For example, the type of a field may not be recognized by Elasticsearch or the dataset may contain a value that was accidentally included in the wrong field and etc.
These are exact problems that I ran into while working with this dataset. The following are the requests that I sent to Elasticsearch to yield the results included in the blog.
Copy and paste these requests into the Kibana console(Dev Tools) and run these requests in the order shown below.
STEP 1: Create a new index(ecommerce_data) with the following mapping.
PUT ecommerce_data
{
"mappings": {
"properties": {
"Country": {
"type": "keyword"
},
"CustomerID": {
"type": "long"
},
"Description": {
"type": "text"
},
"InvoiceDate": {
"type": "date",
"format": "M/d/yyyy H:m"
},
"InvoiceNo": {
"type": "keyword"
},
"Quantity": {
"type": "long"
},
"StockCode": {
"type": "keyword"
},
"UnitPrice": {
"type": "double"
}
}
}
}
STEP 2: Reindex the data from the original index(source) to the one you just created(destination).
POST _reindex
{
"source": {
"index": "name of your original index when you added the data to Elasticsearch"
},
"dest": {
"index": "ecommerce_data"
}
}
STEP 3: Remove the negative values from the field "UnitPrice".
When you explore the minimum unit price in this dataset, you will see that the minimum unit price value is -11062.06.
To keep our data simple, I used the delete_by_query API to remove all unit prices less than 0.
POST ecommerce_data/_delete_by_query
{
"query": {
"range": {
"UnitPrice": {
"lte": 0
}
}
}
}
STEP 4: Remove values greater than 500 from the field "UnitPrice".
When you explore the maximum unit price in this dataset, you will see that the maximum unit price value is 38,970.
When the data is manually examined, the majority of the unit prices are less than 500. The max value of 38,970 would skew the average.
To simplify our demo, I used the delete_by_query API to remove all unit prices greater than 500.
POST ecommerce_data/_delete_by_query
{
"query": {
"range": {
"UnitPrice": {
"gte": 500
}
}
}
}
Get information about documents in an index
Before we can run aggregations
requests, we need to know what information is included in our dataset.

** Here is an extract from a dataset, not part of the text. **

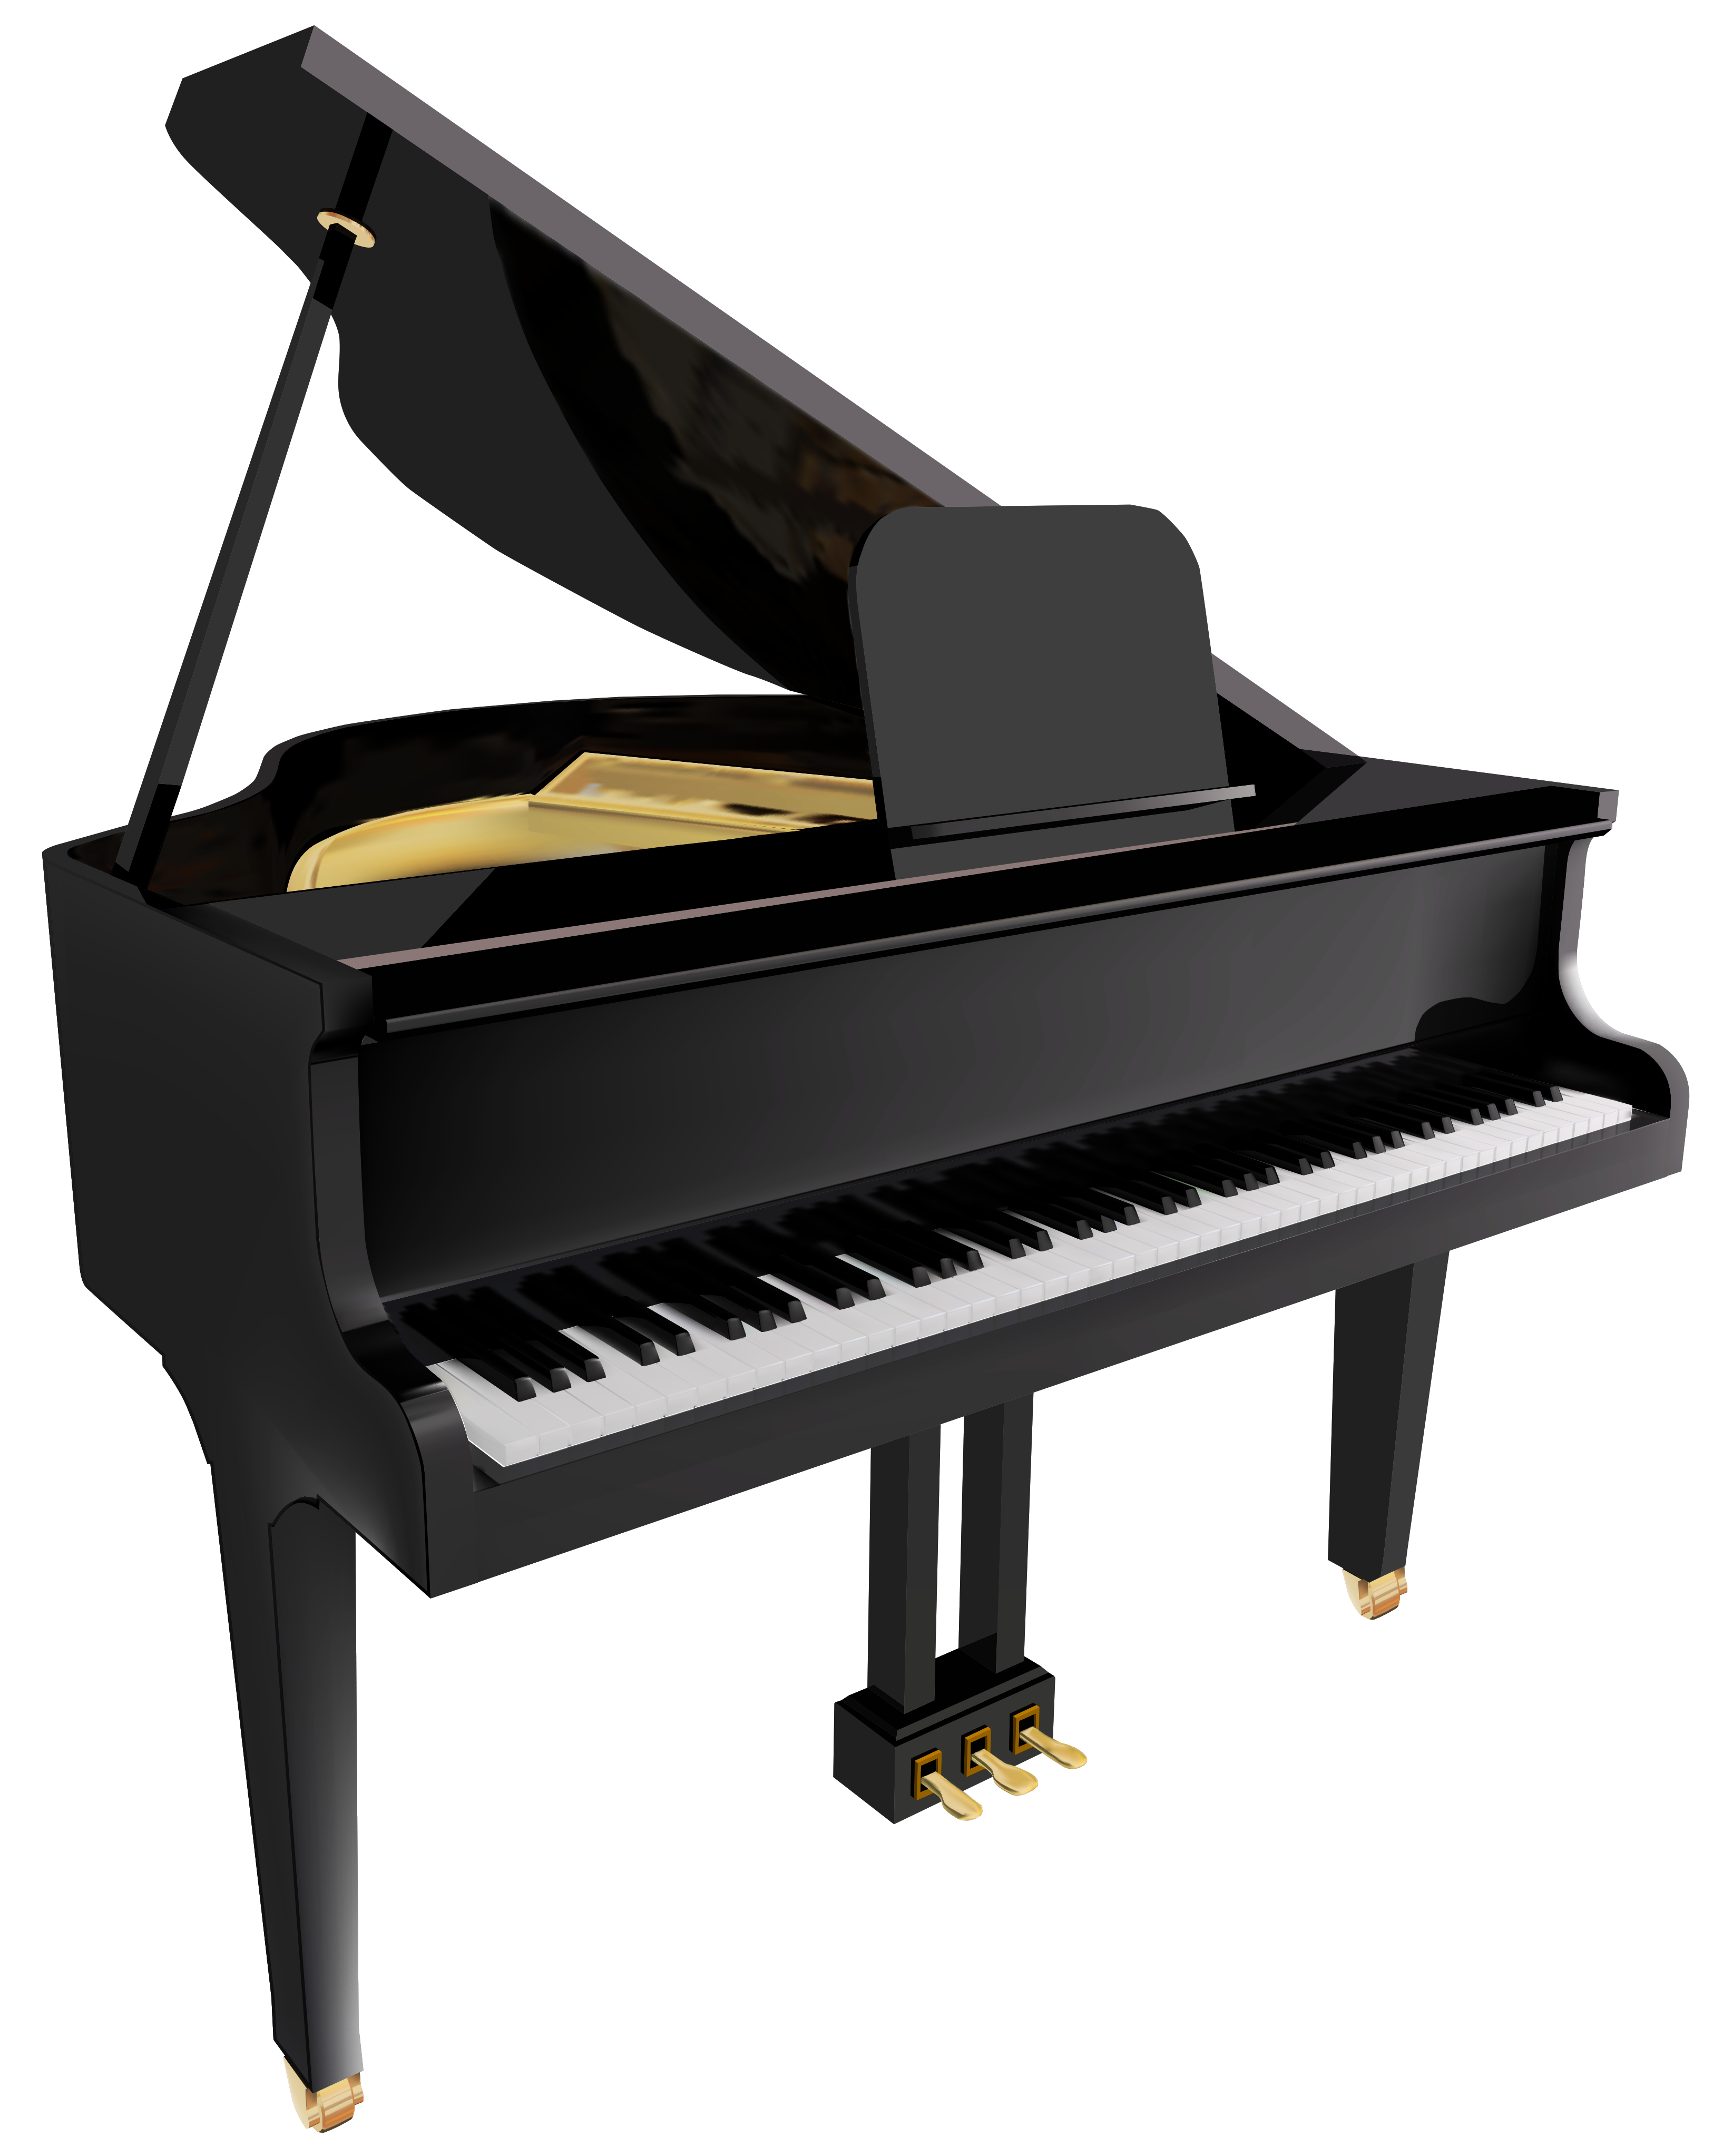 Transparent png gallery yopriceville. Note clipart piano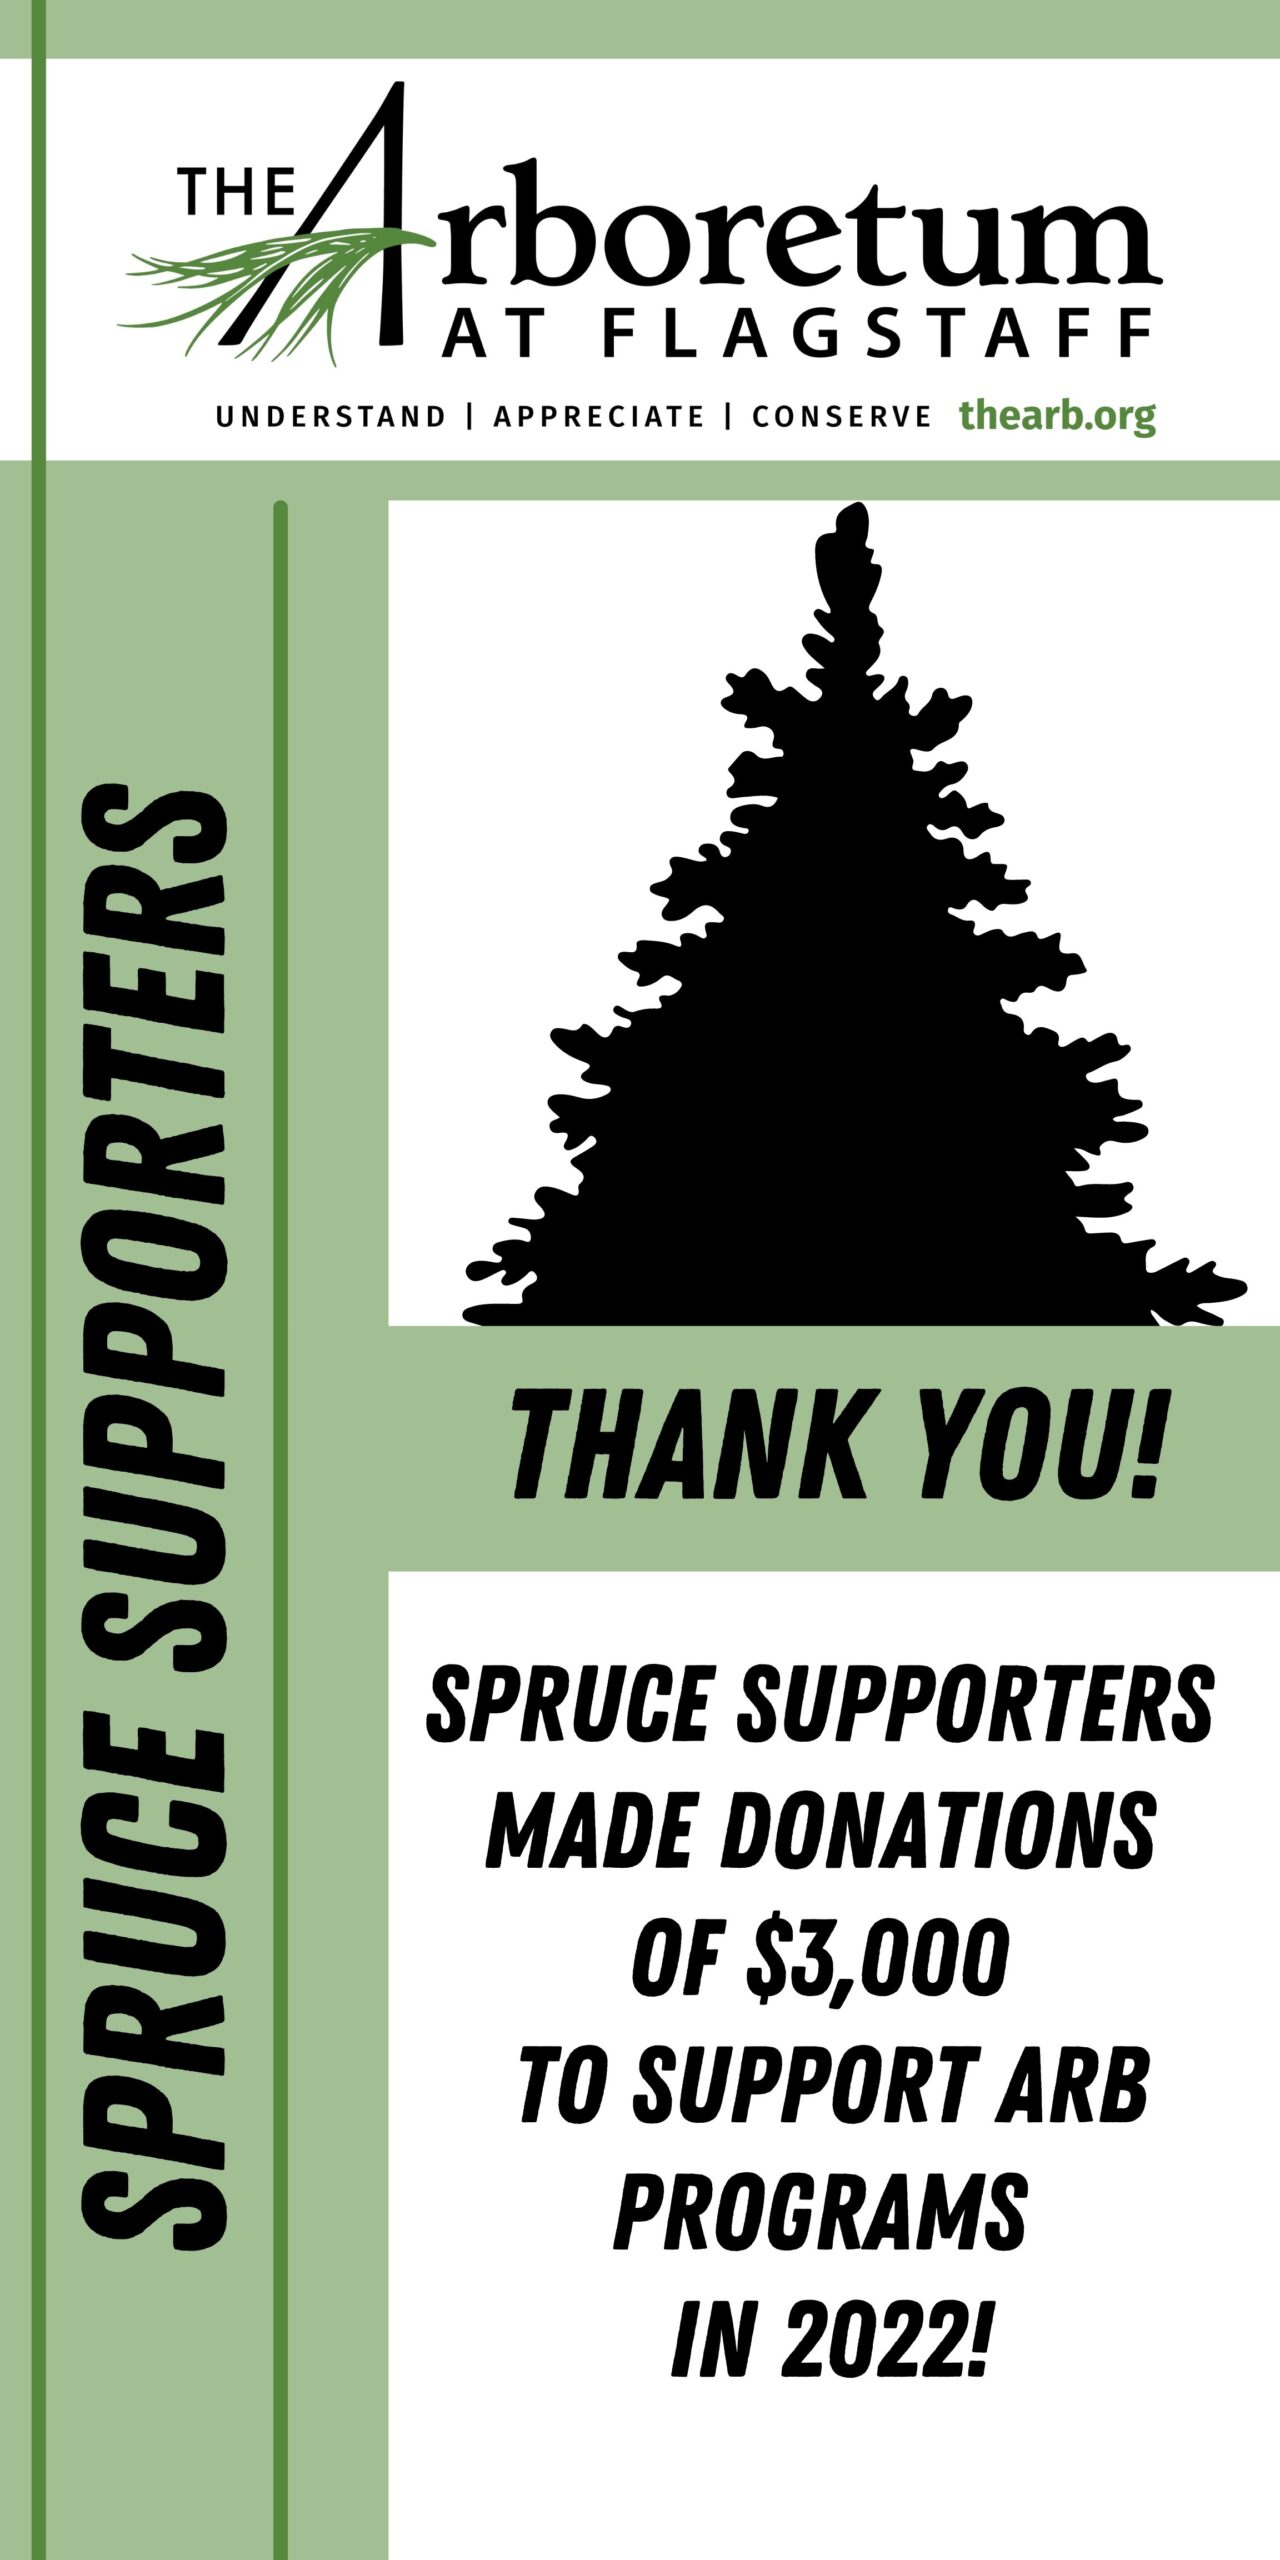 spruce supporters  made donations  of $3,000  to support Arb programs  in 2022!

This will help us figure out what type of questions we could ask and identify the appropriate fields to run aggregations
on to get the answers.
The following query
will retrieve information about documents in the ecommerce_data
index. This query
is a great way to explore the structure and content of your document.
Syntax:
GET Enter_name_of_the_index_here/_search
Example:
GET ecommerce_data/_search
Copy and paste the example into the Kibana console and send the request!
Expected response from Elasticsearch:
Elasticsearch displays a number of hits(line 12) and a sample of 10 search results by default(lines 16+).
The first hit(a document) is shown on lines 17-31. The field "_source"(line 22) lists all the fields(the content) of the document.
The ecommerce_data
index contains transaction data from a company that operates in multiple countries.
Each document is a transaction of an item and it contains the following fields:
- Description
- Quantity
- InvoiceNo
- CustomerID
- UnitPrice
- Country
- InvoiceDate
- StockCode
As you can see, running this query
helps us understand what types of questions we could ask about our dataset and which fields we need to aggregate
on to get the answers.
Aggregations Requests
The basic syntax of an aggregations
request looks like the following.
Syntax:
GET Enter_name_of_the_index_here/_search
{
"aggs": {
"Name your aggregations here": {
"Specify the aggregation type here": {
"field": "Name the field you want to aggregate on here"
}
}
}
}
There are various types of aggregations
that you can run with Elasticsearch.
In the prerequisite steps, we added the e-commerce dataset and set up data within Elasticsearch.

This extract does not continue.